Executives from Mass General Brigham said Thursday they were seeing an “unprecedented” spike in children hospitalized with respiratory syncytial virus, a common illness that typically circulates later in the season and poses the greatest risk to infants, young children and the elderly.
Pediatric intensive care unit beds at Massachusetts General for Children were operating at 150% capacity on Thursday, as cases of RSV continued to overwhelm regional hospitals.
“All of [the state’s pediatric hospitals] are full every single day,” said Dr. Brian Cummings, medical director in the Department of Pediatrics at Mass General for Children, speaking at a news briefing. “At any given time point, when you look in the morning, there are no available pediatric ICU beds. There are no available pediatric general care beds. Almost all of us are operating over capacity.”
To address the crisis, the health system and the hospital have activated incident management teams and are meeting daily to discuss capacity and resources, some of which are in short supply, such as nebulized albuterol, a treatment that opens the airways to help patients breathe.

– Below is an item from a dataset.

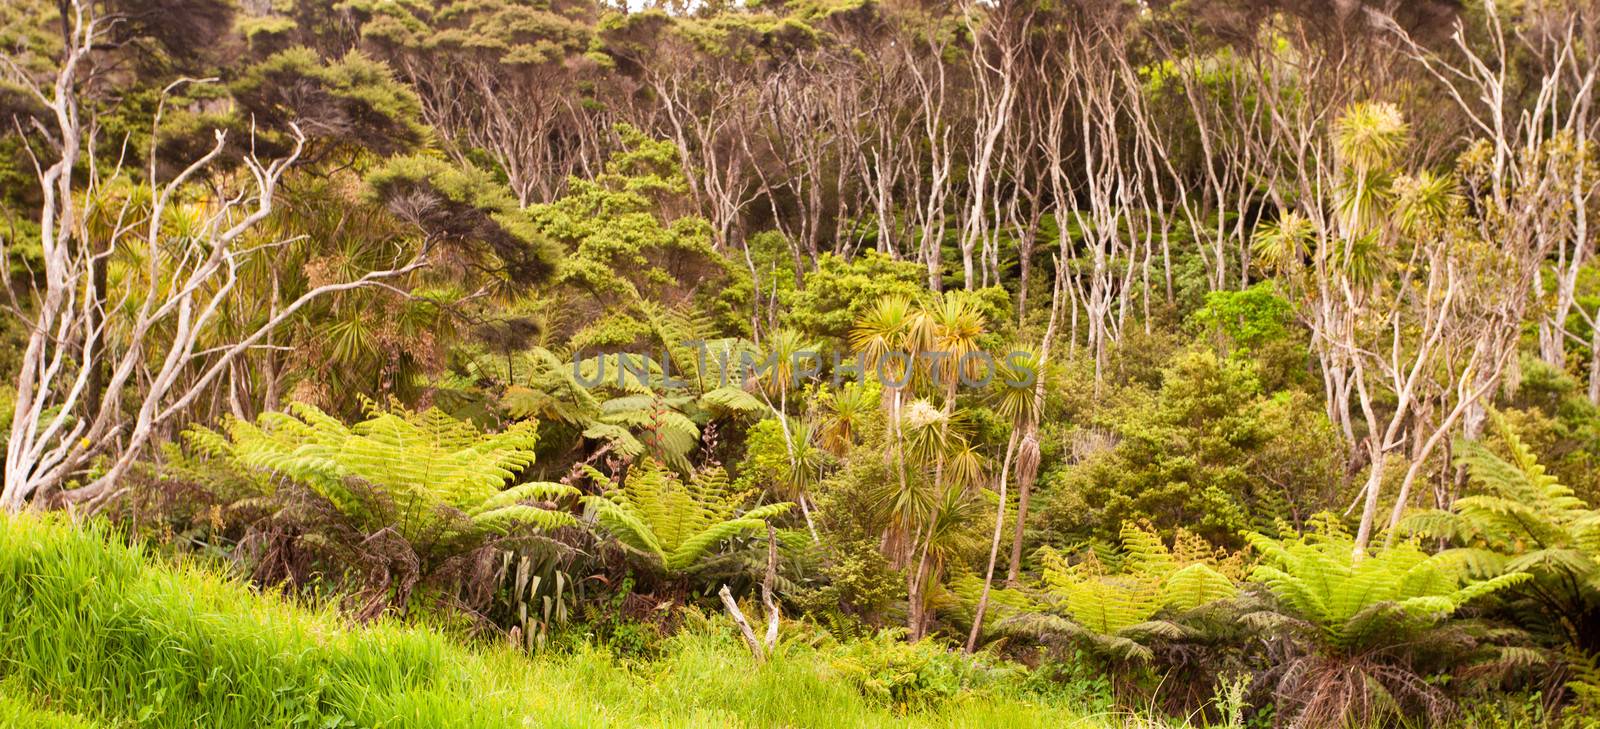 New Zealand North Island forest vegetation of fern trees and a canopy manuka new zealand teatrees Leptospermum scoparium

Like many of its peers, the health system has postponed scheduled surgeries. Additionally, clinicians are educating community hospitals and emergency rooms on how to deliver oxygen support, normally administered on a hospital floor once patients are admitted. Some children who need ICU-level care are also being treated in regular hospital settings, because of a lack of beds. On Thursday alone, the hospital was providing care to seven more patients than it could accommodate in its pediatric intensive care unit.
The U.S. Department of Health and Human Services is also providing training and resources to hospitals. .
For now, RSV cases are continuing to climb at Mass General Brigham. In October, the system saw 2,000 cases of the virus. It has seen another 1,000 cases in just the first week of November. Of those, 250 have required some level of hospitalization, and 10 to 20% have required intensive care unit beds.
That has quickly overwhelmed the 14 pediatric intensive care unit beds at Massachusetts General for Children, forcing some patients over the age of 15 to be cared for in adult beds, and requiring that the system open neonatal intensive care unit beds for children slightly older than the age group NICUs typically care for.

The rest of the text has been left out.